О, этот взгляд похож на вдох,
Когда ты вниз его бросаешь,
Поверх перил, поверх эпох
С толпою пестрой нависаешь.
И сердце просит: “Отпусти!”
Но перед тем, как вниз спуститься,
Ты просишь сердце: “Умести!”
Ты заклинаешь: “Уместиться!”
Ступени эти для детей, —
По ним — сбегать, а не спускаться.
Петровских шуточных затей
Ты хочешь в парке доискаться?
И шум, и блеск, но — суеты
Сюда не вносят торопливой;
Здесь люди дышат, как цветы,
И даже ходят — горделиво.
Тебя обуглили, сожгли,
Ты был войною искалечен,
Но снова — в радужной пыли
Самсона яростные плечи.
Пусть век барочный, кружевной
Лукаво сердцу улыбнется,
Нахлынет с финскою волной
И через край перехлестнется.
* * *
Как листья мокрые блестели,
Как воздух был нетерпелив…
Нашли скамейку и присели,
Кусочек прессы поделив.
О вы, прибежища земные!
Ты веришь?
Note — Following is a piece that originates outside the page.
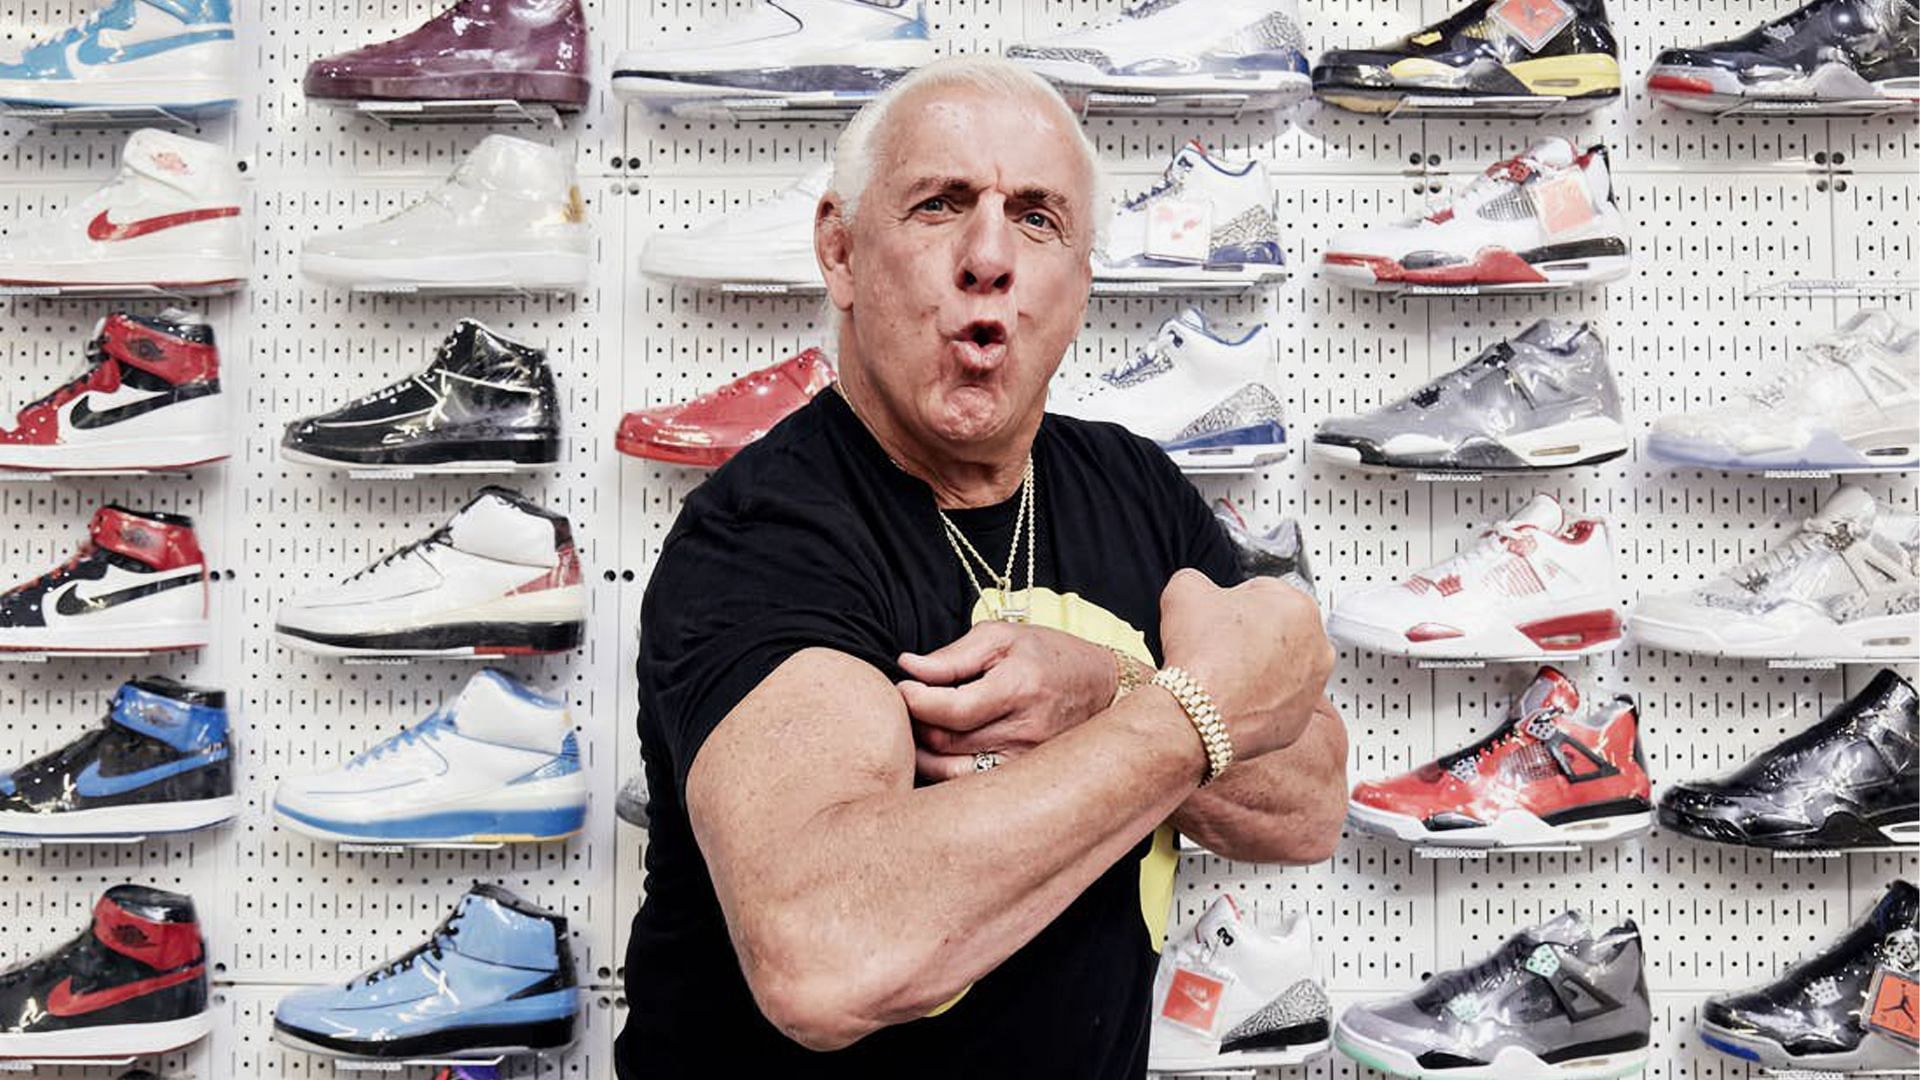 The Nature Boy poses in a sneaker shop (image credit: Ric Flair on X)

Мокрая скамья,
Прохлада, зонтики цветные
И три-четыре воробья, —
Все в этом городе найдется,
Чтобы нас с тобою приютить.
Мы просто сядем… где придется.
И зонтик старенький дождется, —
Его призвание — чертить.
О, лучшее из всех бесправий —
Любви начальная глава!
Весенний день и мокрый гравий,
Впитавший нежные слова…
* * *
Вместо многоточия ставлю “многоптичие”,
Наблюдаю прочие майские обычаи.
Хмурится-рассеется, снова повторится,
Надвое не делится и недолго длится
Что-то неразменное и необычайное;
Все — одновременное, мудрое-случайное,
И в квадрат не впишется, — оттого и дышится
Светлыми репризами, майскими капризами.
И не называется, просто так — сбывается
Что-то неконкретное, — майское-секретное.
Дом
Т. Ш.
Опять я тебя возле булочной жду
В совсем непонятном каком-то году.
О, как прихотливо движенье ума;
И ветер с залива, и эти дома, —
Я их ощущаю, как древо — кору,
И я обещаю, что здесь — не умру.
Давно отзвенели звоночки в ночи;
Волшебны панели, стекло, кирпичи.
Я дверь открываю скрипичным ключом,
И я напеваю… Ты спросишь: “О чем?”
О ватниках грязных, о тех мастерках,
О милых и праздных сегодня руках.
Пускай без барочных деталей лепных,
Без труб водосточных, без дымных — печных,
Шинелью солдатской — кирпичным сукном,
Мой дом ленинградский, весна за окном!
Совсем не ампирный — загадочно-прост;
Ты помнишь свой мирный и сказочный рост?
Есть сотни маленьких неволь;
Они даны во благо.
Но Богу — свет, поэту — боль,
А первым почкам — влага.
Есть сотни маленьких разлук;
Разлука в каждом вздохе.
Но Богу — свет, поэту — друг,
Звучание — эпохе.
Есть сотни маленьких побед, —
Живите же, живите ж!
Ведь Богу — свет, поэту — след
Во град волшебный, в Китеж.
Евросеть
Снимаю напыление монеткой:
Сто шестьдесят, двенадцать, триста три, —
Ловлю тебя загадочною сеткой —
Как рыбари.
Вот — звездочка тонального режима:
Звучат мои поспешные персты.
И все-таки — уму непостижимо,
Что это — ты!
Сердца бок лошадиный,
Не ходи ходуном.
Этой ночью, родимый,
Подыши над зерном.
Светлый замысел божий
Весь из малых толик, —
Сердце чувствует кожей
Каждый солнечный блик.
О своем Левитане
Помышляют сердца:
Запряженные в сани
Постоят у крыльца.
Отмечать Воробьины
Станет солнечный кум;
Из-под ног лошадиных
Брызнет мартовский шум.
Сердце в рамку не вставишь, —
По весенним лесам
Сам и едешь, и правишь,
Ну а может, — не сам?
* * *
Доводят уныние, осень и мрак
Парней в деревнях до бессмысленных драк;
Художник с досады порвет полотно
И пьет в одиночестве мрак и вино.
И тешится сердце нагонной волной,
Какой-нибудь старой забытой виной,
Дойдёт до отметки своей роковой
И спорит с кипящей и гневной Невой.
Но стыдно, ей-богу, себя утешать:
Мол, времени года нельзя помешать,
Мол, так непреложны и осень, и мрак,
Мол, трудно в деревне без пьянства и драк…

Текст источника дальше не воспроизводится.